Input data START

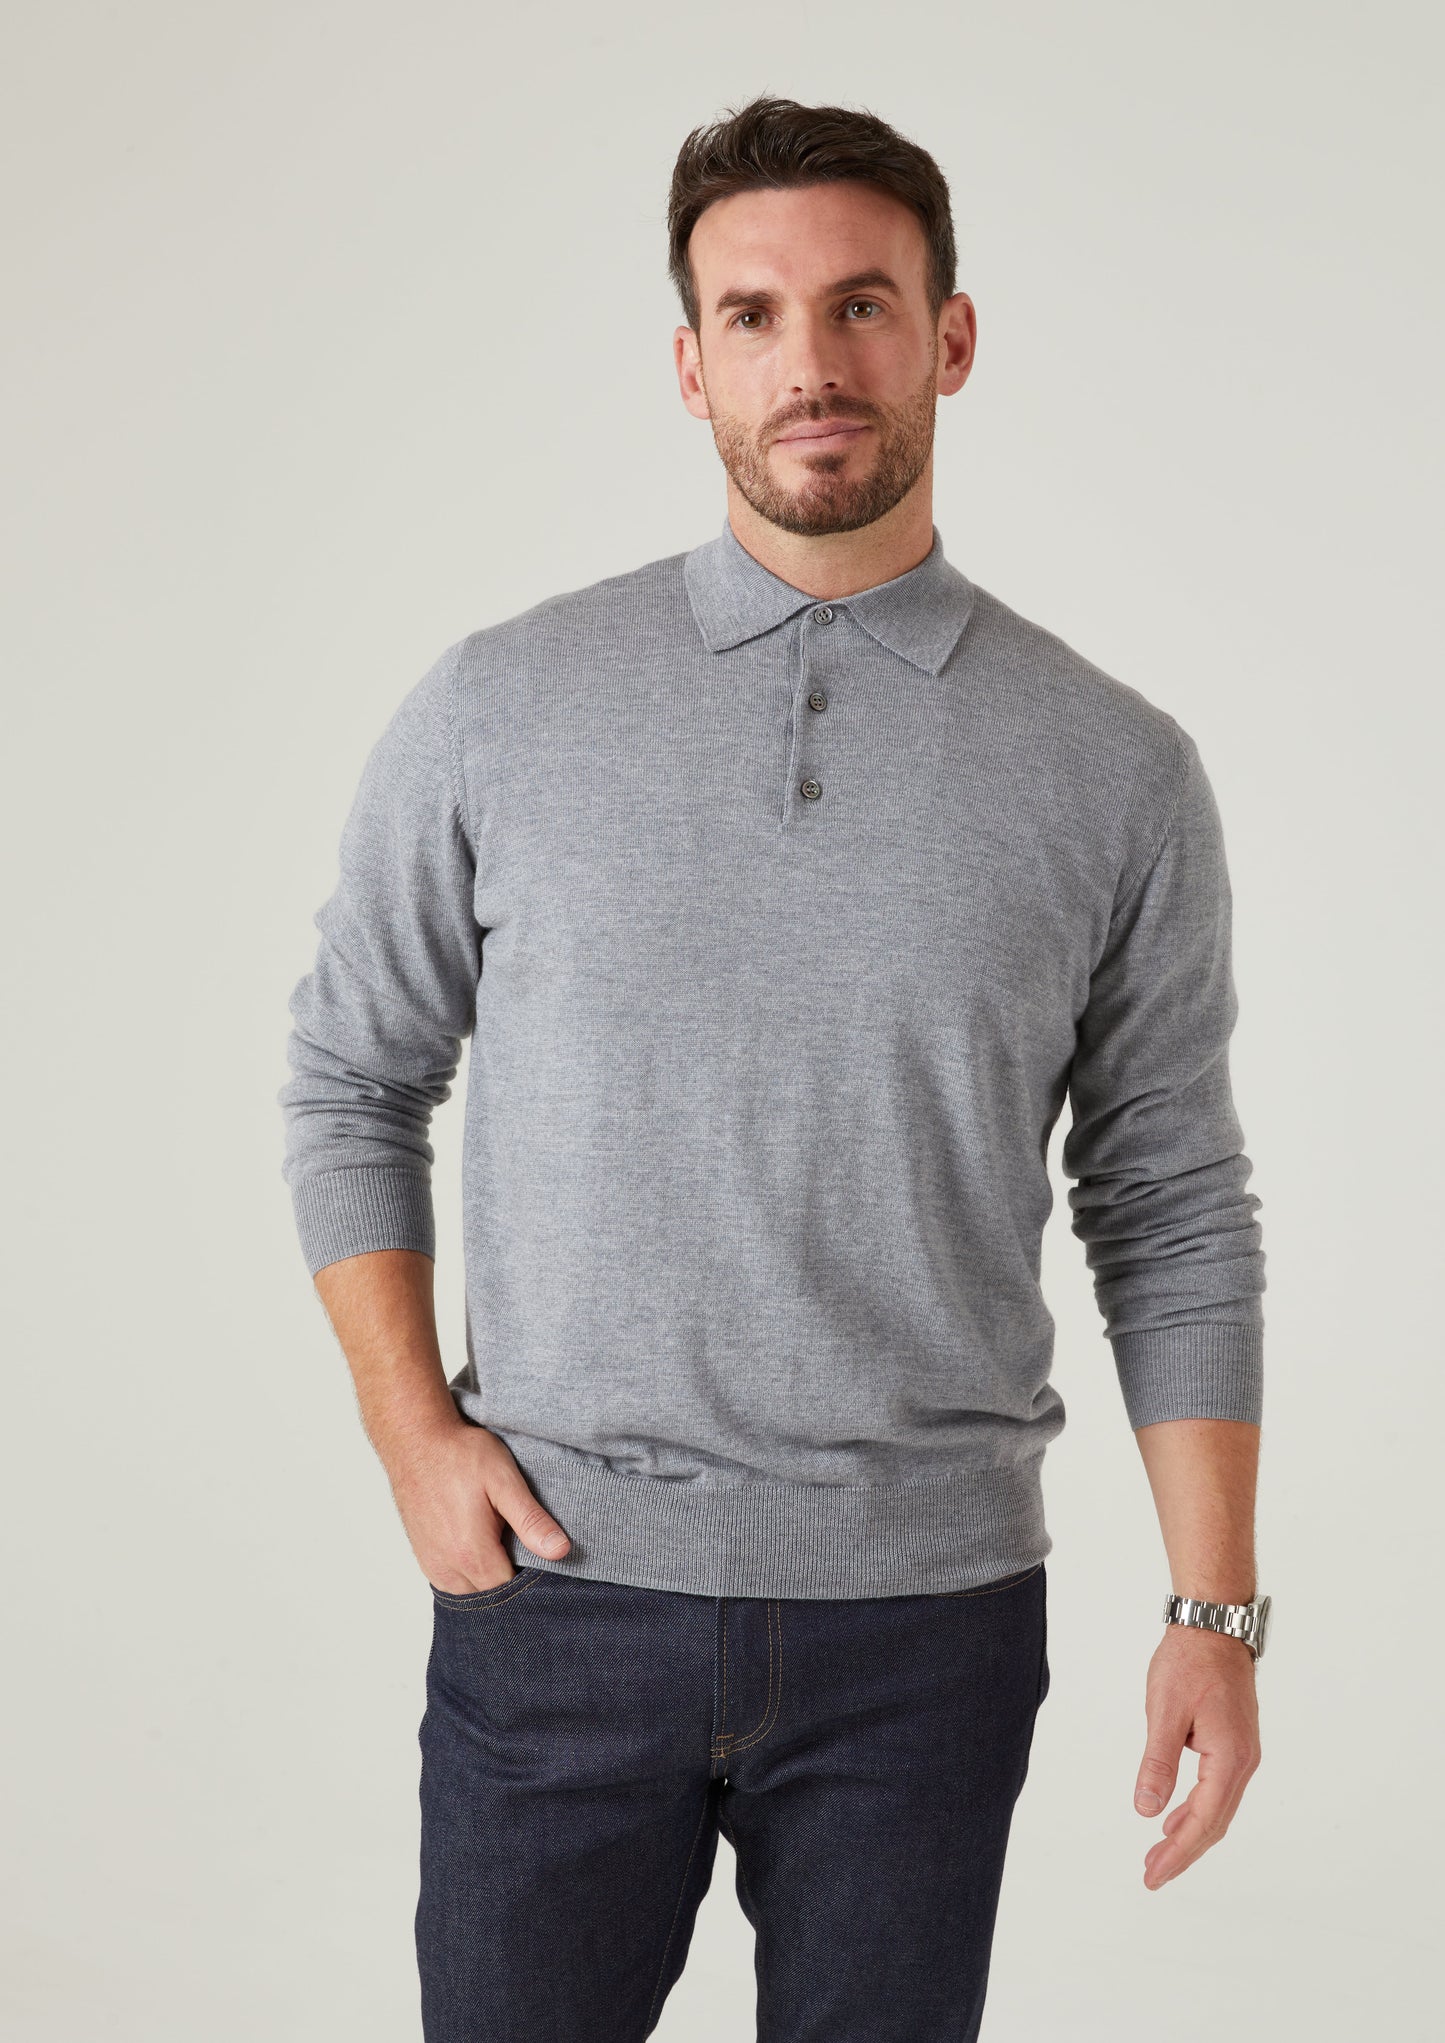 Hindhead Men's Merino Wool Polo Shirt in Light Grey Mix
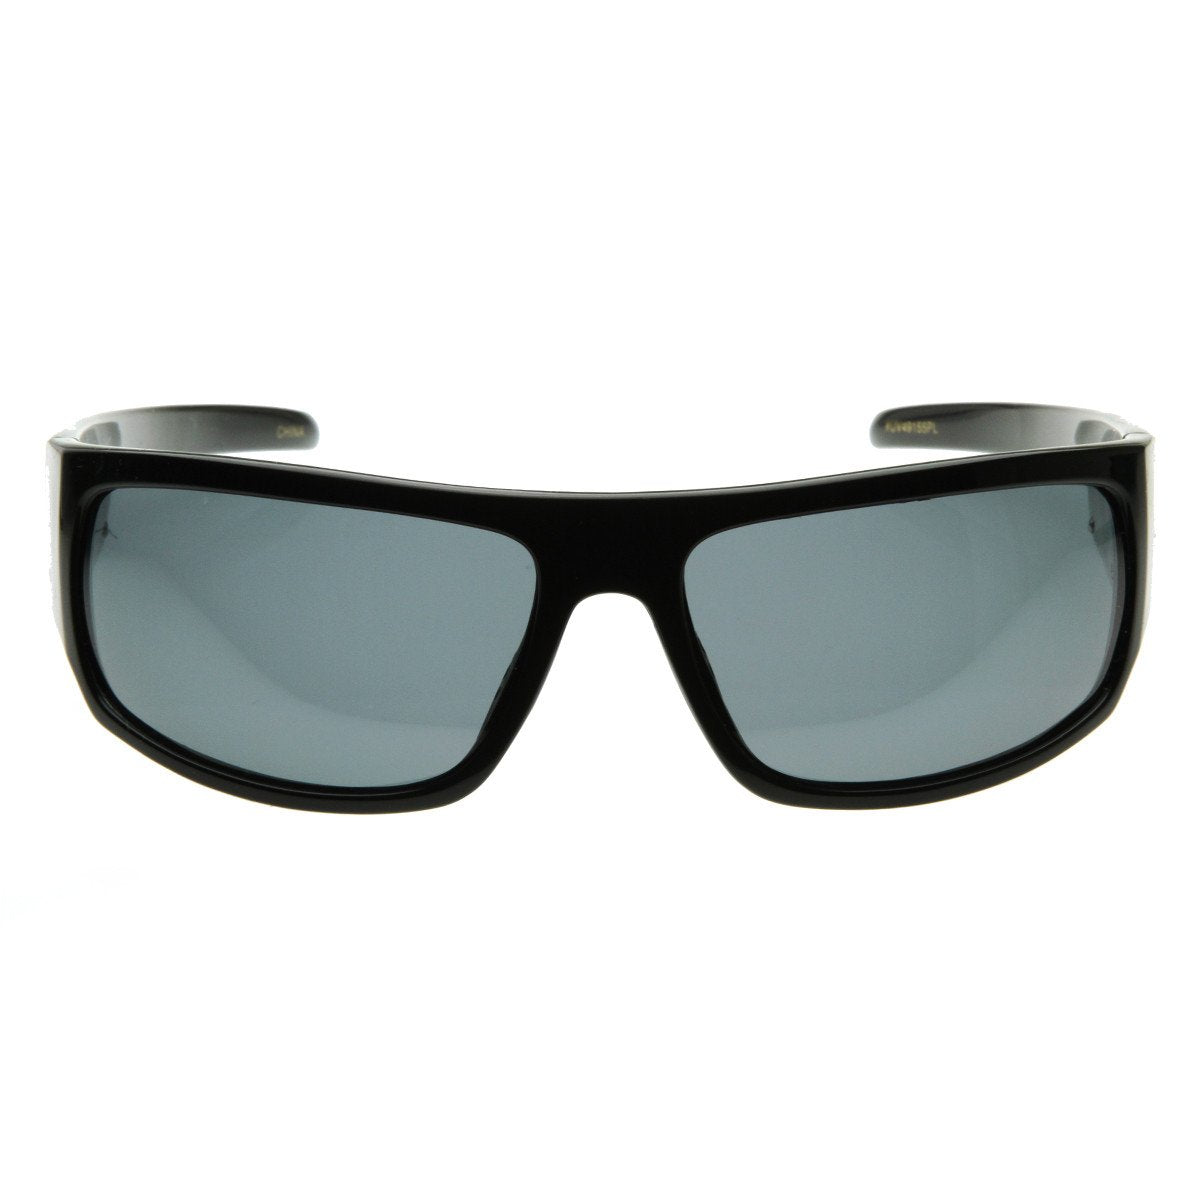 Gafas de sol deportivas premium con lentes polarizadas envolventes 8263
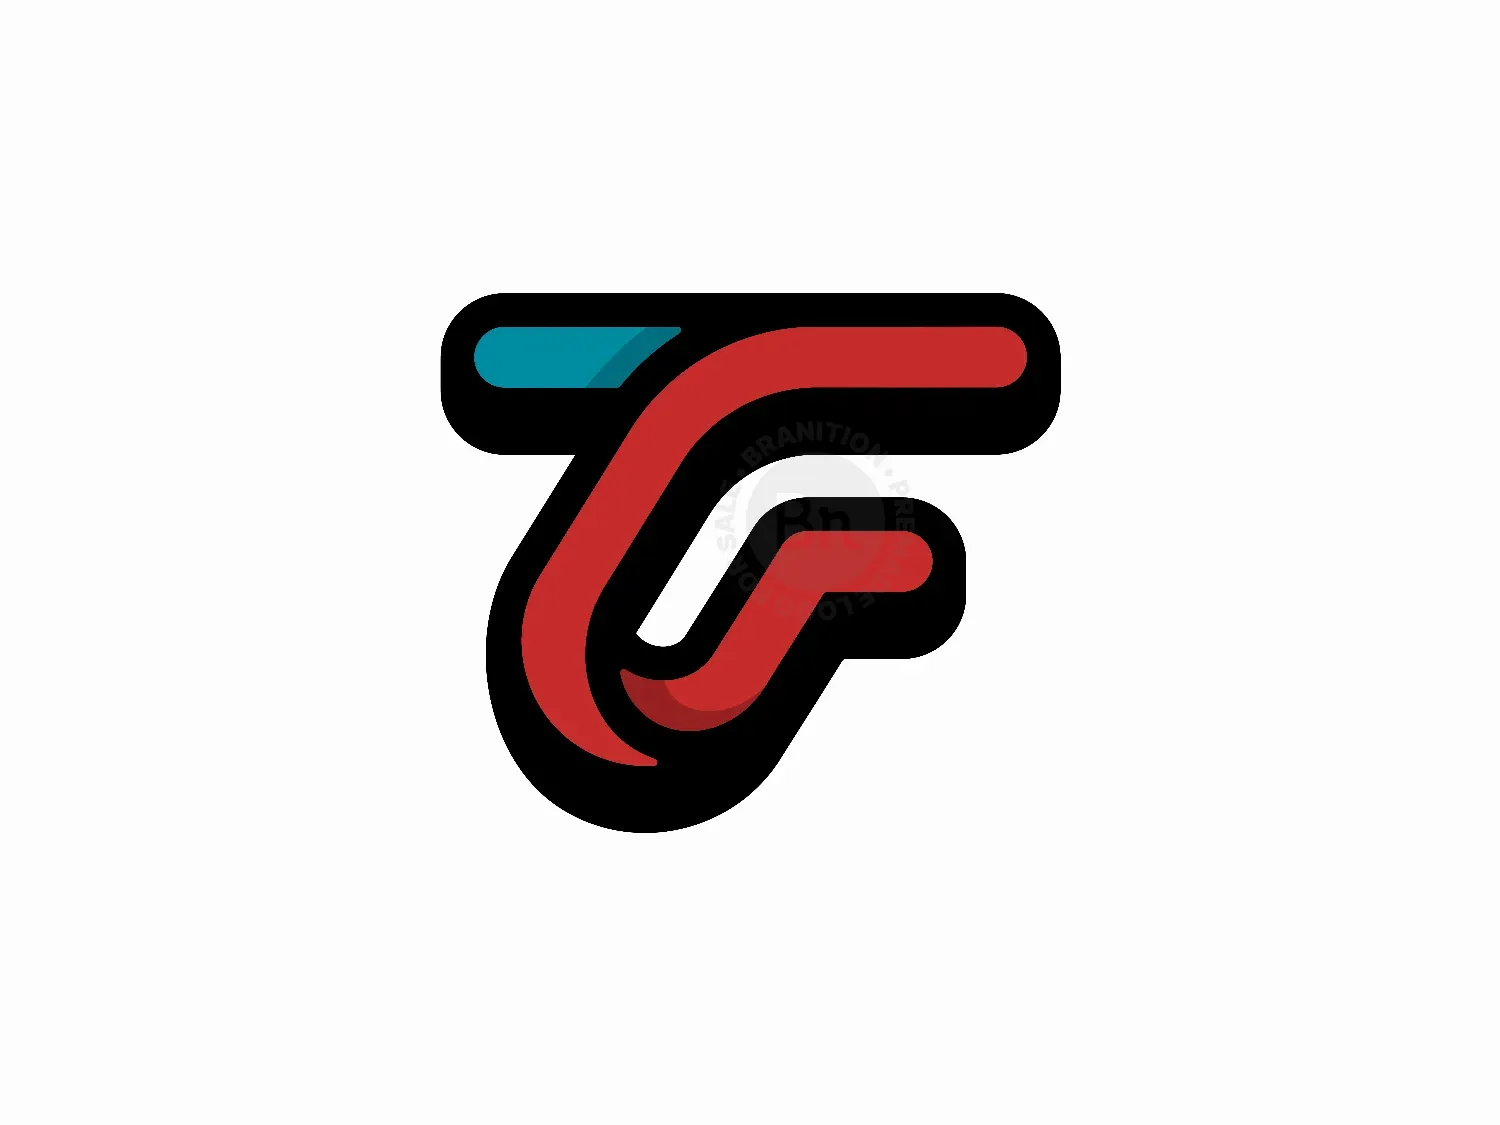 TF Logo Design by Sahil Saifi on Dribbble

Input data END

## Prompt
Please give again only those lines that run from the one containing "Gafas de sol" through the final line of the listing, both included, exactly as written and without pictures.

## Response area
 Gafas de sol deportivas premium con lentes polarizadas envolventes 8263
 TF Logo Design by Sahil Saifi on Dribbble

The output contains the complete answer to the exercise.